Analysis of SDM models

By examining each model in turn, we noted the overlap of elements across models, such as information gathering,^32,47 choice introduction/recognizing alternatives,^{32,34,35,60,61} providing options and their pros/cons,^{32,34,35,60,61} patient preferences,^{32,34,35,60,61} and make or defer decision,^{32,34,35,47,61} but the same elements may be classified into different dimensions in different models. Compared with other models, ‘Implement-SDM model’³² was constructed by consultations between clinicians who had received SDM skills training and patients with chronic kidney disease or early-stage breast cancer, and put forward some new elements based on the ‘three talk model’. Therefore, the ‘implement-SDM model’ is constructed with a clear development process and derived from empirical data. This model probably has good applicability in different diseases and could be a basis for the measurement of SDM in routine care.

Participants of interviews

A total of 24 participants (Table 1), including 15 pharmaceutical care providers (nine clinicians and six clinical pharmacists) and nine patients, were interviewed in stage 2. The response rates of pharmaceutical care providers and patients were 75% (15 out of 20) and 82% (9 out of 11), respectively.
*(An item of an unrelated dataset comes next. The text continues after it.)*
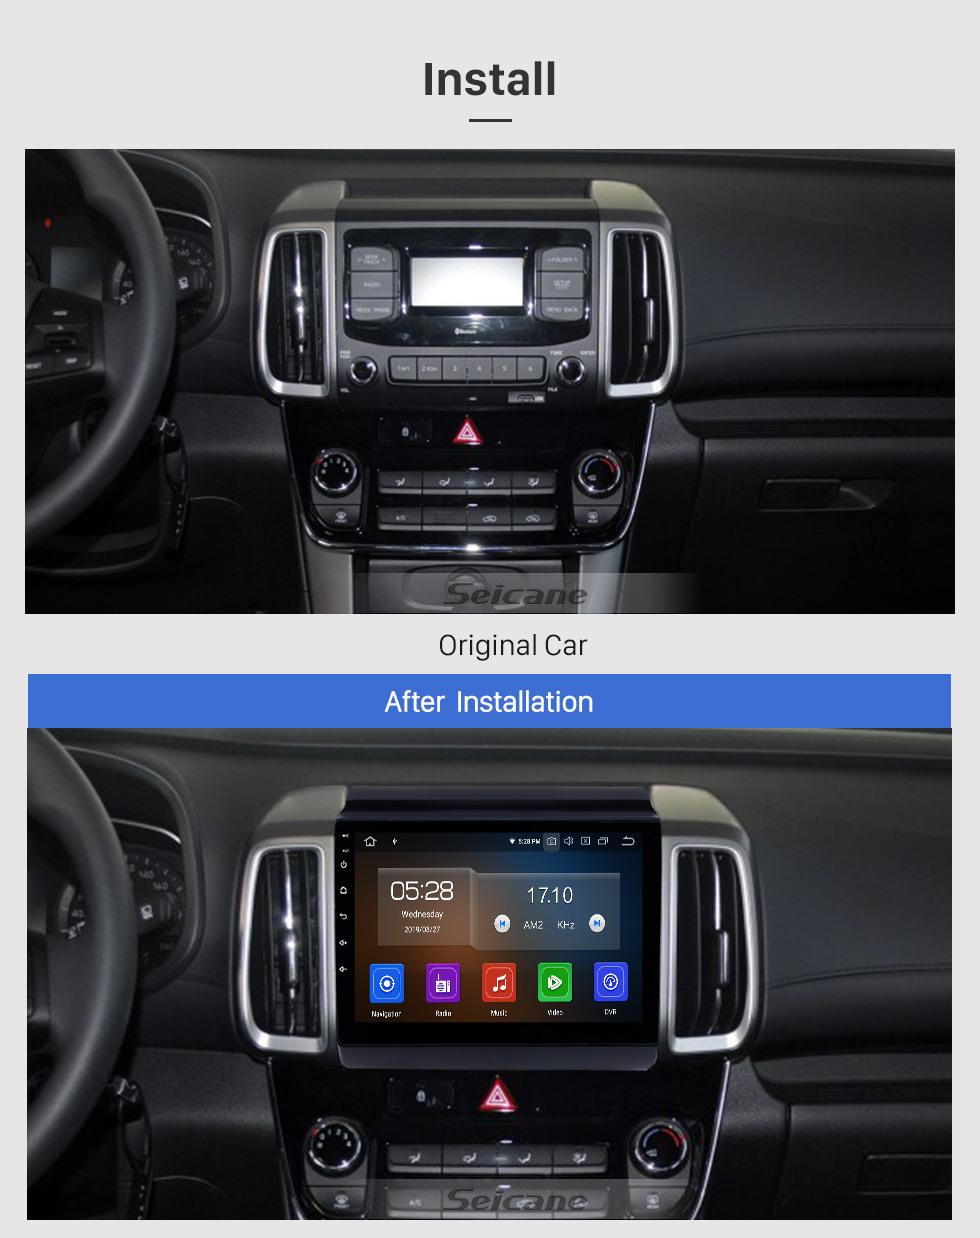 Seicane HD Touchscreen 2018-2019 Hyundai ix35 Android 10.0 9 inch GPS Navigation Radio Bluetooth Carplay AUX Music support SWC OBD2 Mirror Link Backup camera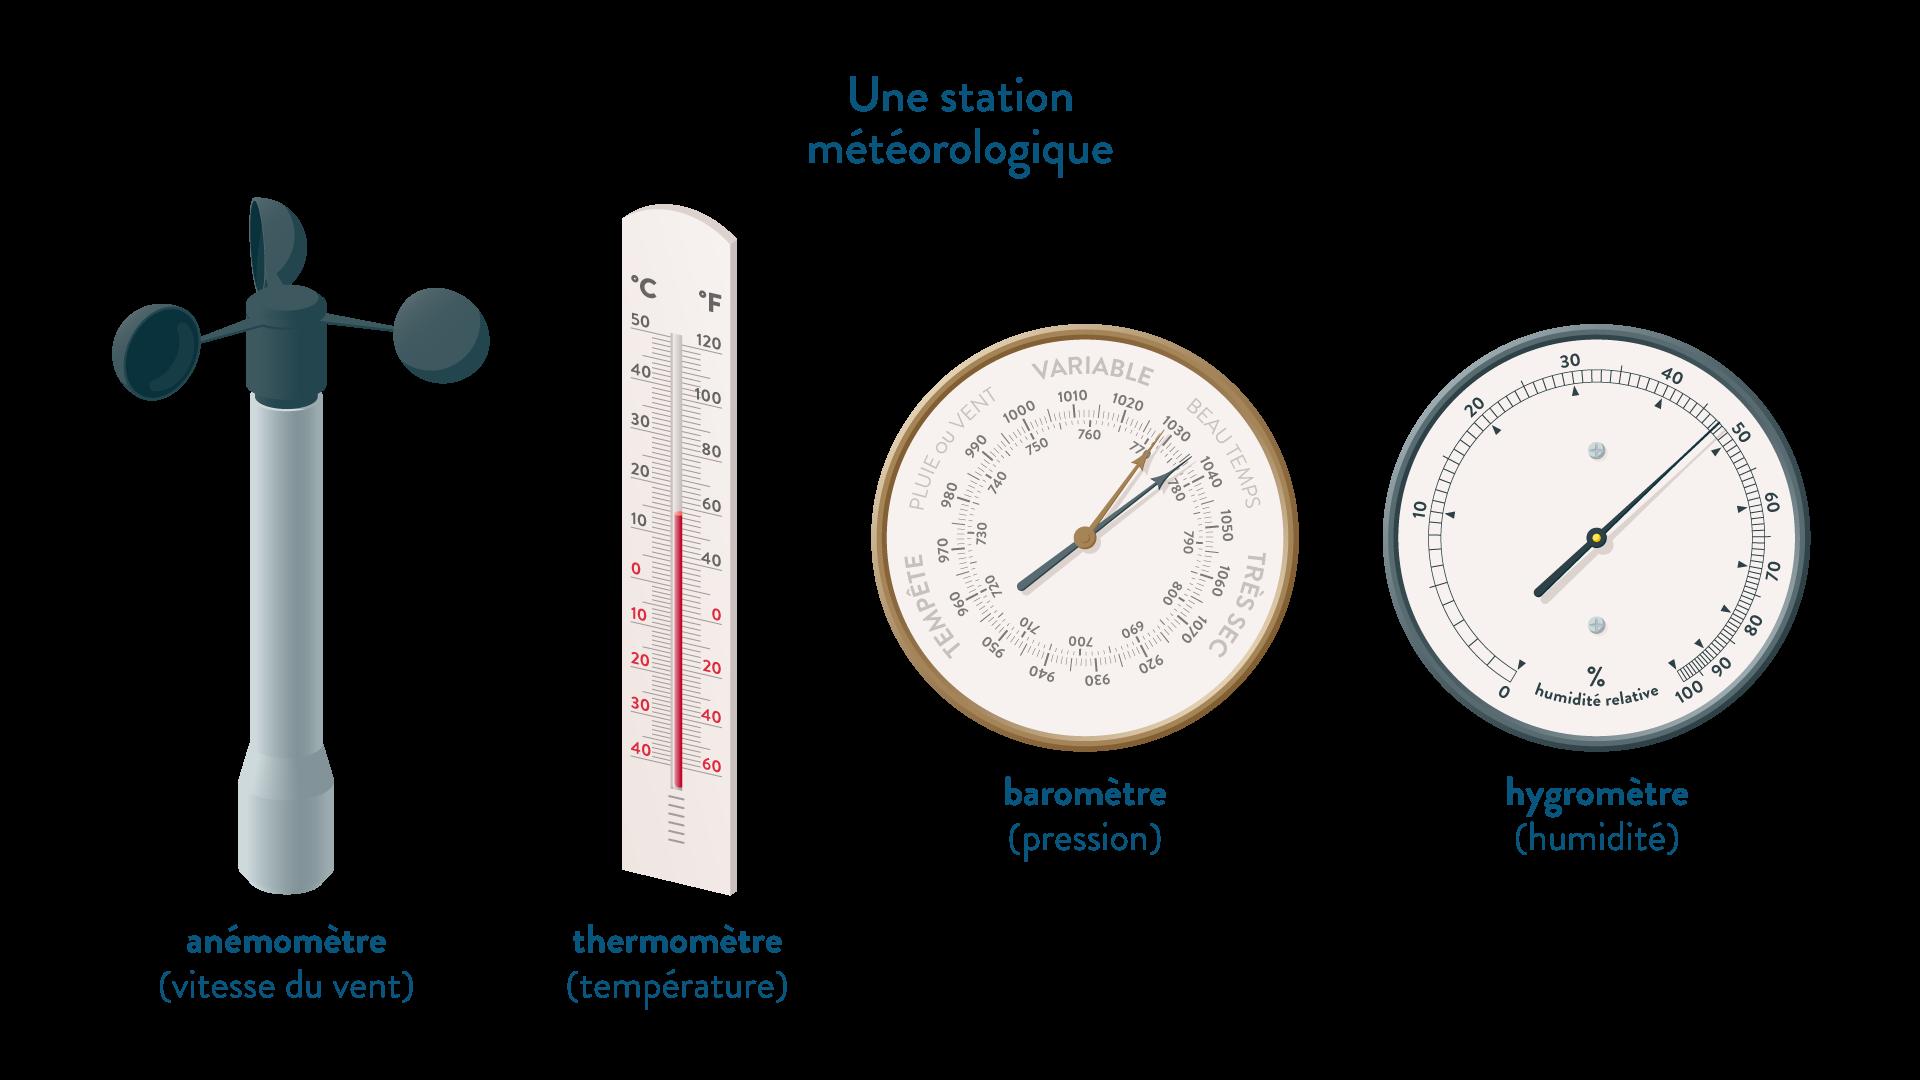 Une station météorologie-svt-6e-schoolmouv

Of the 15 pharmaceutical care providers, the largest proportions of providers were female (67%), 30–39 years old (73%), and cardiologists (47%), and the largest proportions possessed master degrees (53%), working experience 6–10 years (47%), and intermediate professional title (73%). Of the nine patients, the largest proportions were female (67%) and 20–29 years old (44%).

Table 1.

Participant characteristics in stage 2.

Demographics	Pharmaceutical care providers N (%)	Patients^a N (%)
Total	N = 15	N = 9
Gender
Male	5 (33)	3 (33)
Female	10 (67)	6 (67)
Age
20–29	1 (7)	4 (44)
30–39	11 (73)	1 (11)
40–49	2 (13)	1 (11)
≥50	1 (7)	3 (33)
Education
Junior college or below	0 (0)	3 (33)
Undergraduate	2 (13)	2 (22)
Master	8 (53)	1 (11)
Doctor	5 (33)	3 (33)
Departments
Cardiology	7 (47)
Pharmacy	6 (40)
Endocrinology	1 (7)
Geriatrics	1 (7)
Years of working
1–5	1 (7)
6–10	7 (47)
11–20	4 (27)
>20	3 (20)
Professional title
Primary title	1 (7)
Intermediate title	11 (73)
Senior vice title	2 (13)
Senior title	1 (7)

The interviewed patients came from various professions, including research assistants, students, hospital administrators, engineers, civil servants, teachers, freelancers and retirees.

Theoretical model

Based on core aspects of the ‘Implement-SDM model’ and interview data, five core constructs of SDM were identified, that is ‘comprehensive understanding of the patient's condition’, ‘exchanging ideas on medication options’, ‘achieving a medication plan’, ‘providing decision support’, and ‘drug tracking and adjustment’ (Supplementary File 5), and then we constructed a theoretical model of SDM in web-based pharmaceutical care consultation (Figure 1).

Figure 1.

Theoretical model of shared decision-making in web-based pharmaceutical care consultation. (a) Patients with critical situation were not applicable. (b) The form of medication plan is mainly suggestions.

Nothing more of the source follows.